Search code examples
pythondelindex-error

Python - IndexError: list index out of range even though checking if empty


I'm getting the IndexError: list index out of range on the following line of code:

if tweetSplit[i] != "":

in my code:

tweetSplit = tweet.split(' ') 

for i in range(len(tweetSplit)):
    #print (i)
    if not tweetSplit:
        break
    if tweetSplit[i] != "":
         #print (tweetSplit[i])
         #print (tweetSplit[i][:1])
        if tweetSplit[i][:1] == '@':
            del tweetSplit[i]

I thought by checking if tweetSplit is empty using "if not tweetSplit" I wouldn't run into the out of range error.
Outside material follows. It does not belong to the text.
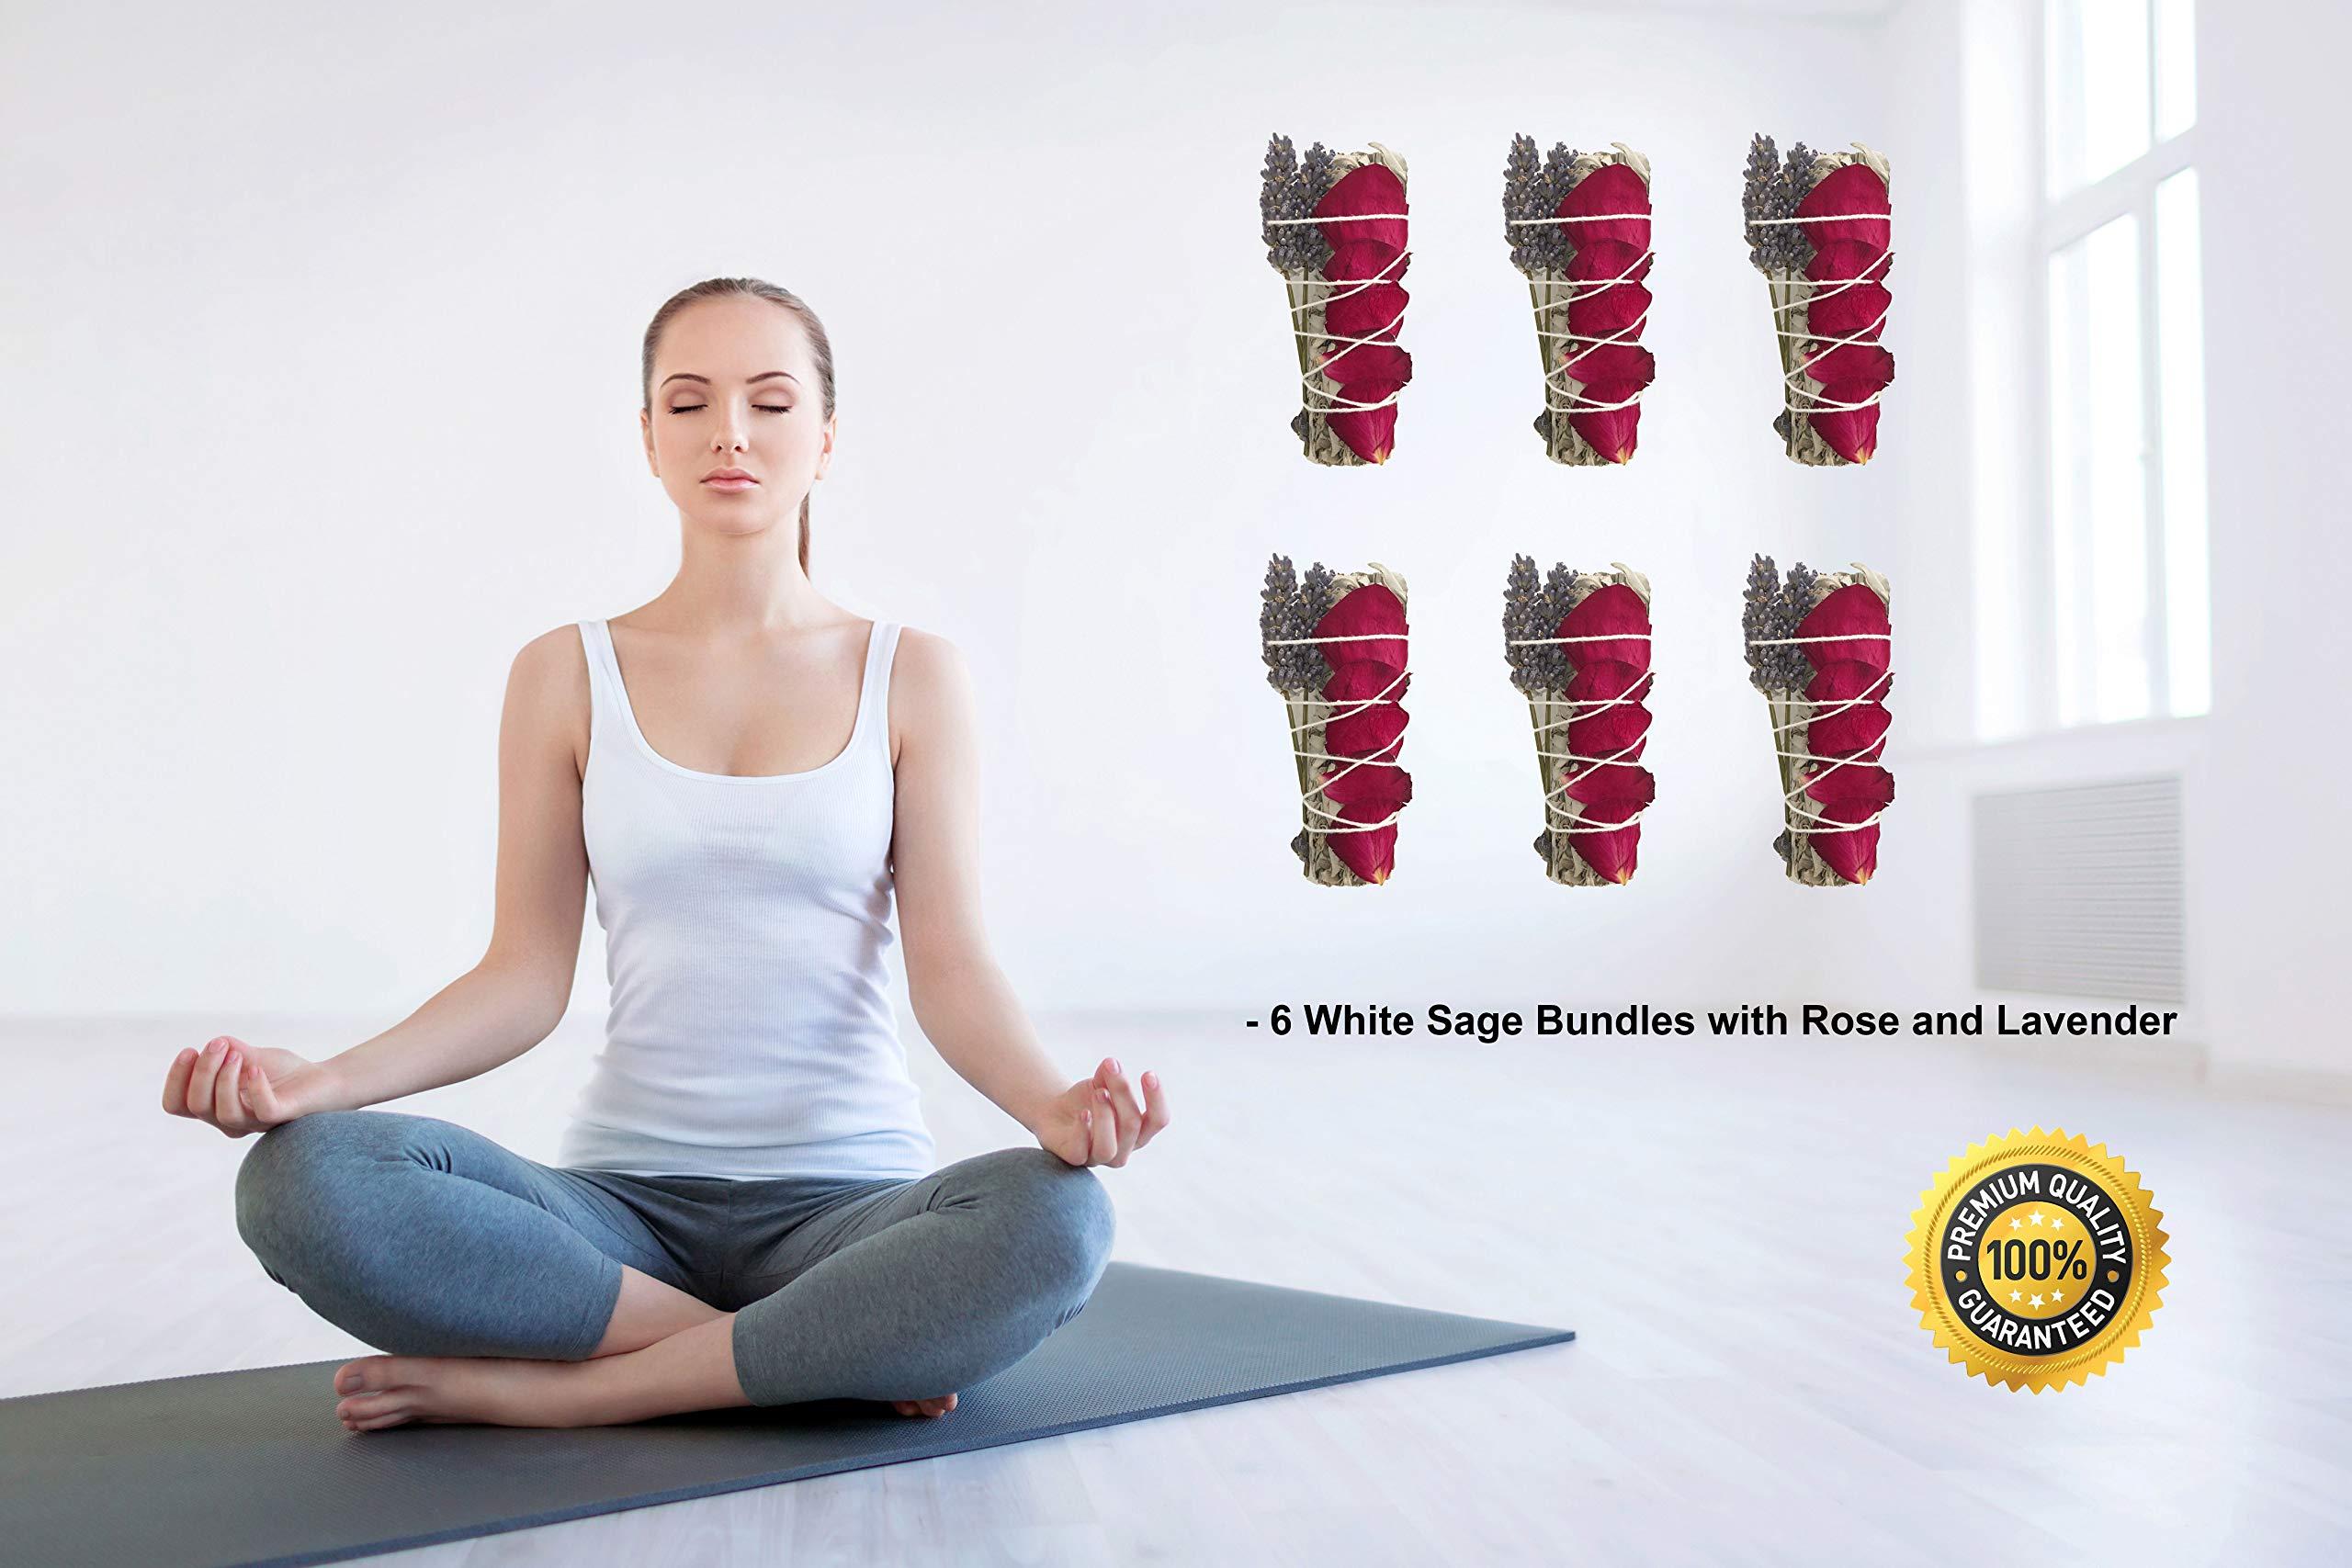 TOMOKO White Sage Smudge Kit - 6 White Sage with Rose and Lavender! Healing, Purifying, Meditating, Incense & Cleansing by TOMOKO (Image #2)

Here's the full error:

Traceback (most recent call last):
  File "parseTweets.py", line 55, in <module>
     if tweetSplit[i] != "":
IndexError: list index out of range

Solution

  • Your test doesn't really do much good.

    Sure if not tweetsplit: checks if tweetsplit is empty. But it doesn't check if tweetsplit is at least i+1 elements long.

    And, because you're deleting from tweetsplit in the middle of the loop, if you delete even one element, then, by the end, it will be shorter than i+1, and raise an IndexError.

    This is one of the reasons you should never delete or insert in the middle of looping over any collection. (But not the only one—for example, when you delete element i, that moves all the others up one slot, and then you check the new element i+1, which was originally i+2… which means you missed one.)


    If you want to build a collection of all tweets that match some rule, it's much easier to do that by building a new list:

    goodTweets = []
    for tweet in tweetSplit:
        if tweet[:1] != '@':
            goodTweets.append(tweet)
    

    Or:

    goodTweets = [tweet for tweet in tweetSplit if tweet[:1] != '@']
    

    If you really do need to mutate tweetSplit for some reason, there are tricks you can use, but they're all a bit ugly.

    Build a new list, then change tweetSplit into that list:

    tweetSplit[:] = [tweet for tweet in tweetSplit if tweet[:1] != '@']
    

    Or, do it without building the new list explicitly:

    tweetSplit[:] = (tweet for tweet in tweetSplit if tweet[:1] != '@')
    

    Or iterate backward. While len(tweetSplit) may change as you delete, 0 never does. (And while the positions of everything from i: may change, the positions of :i never do.)

    for i in range(len(tweetSplit))[::-1]:
        if tweetSplit[i][:1] == '@':
            del tweetSplit[i]
    

    However, if you're trying to do this in-place as a performance optimization, all of these are usually slower. The only thing likely to be faster is something like this:

    i = 0
    while i < len(tweetSplit):
        if tweetSplit[i][:1] == '@':
            tweetSplit[i] = tweetSplit[-1]
            tweetSplit.pop()
        else:
            i += 1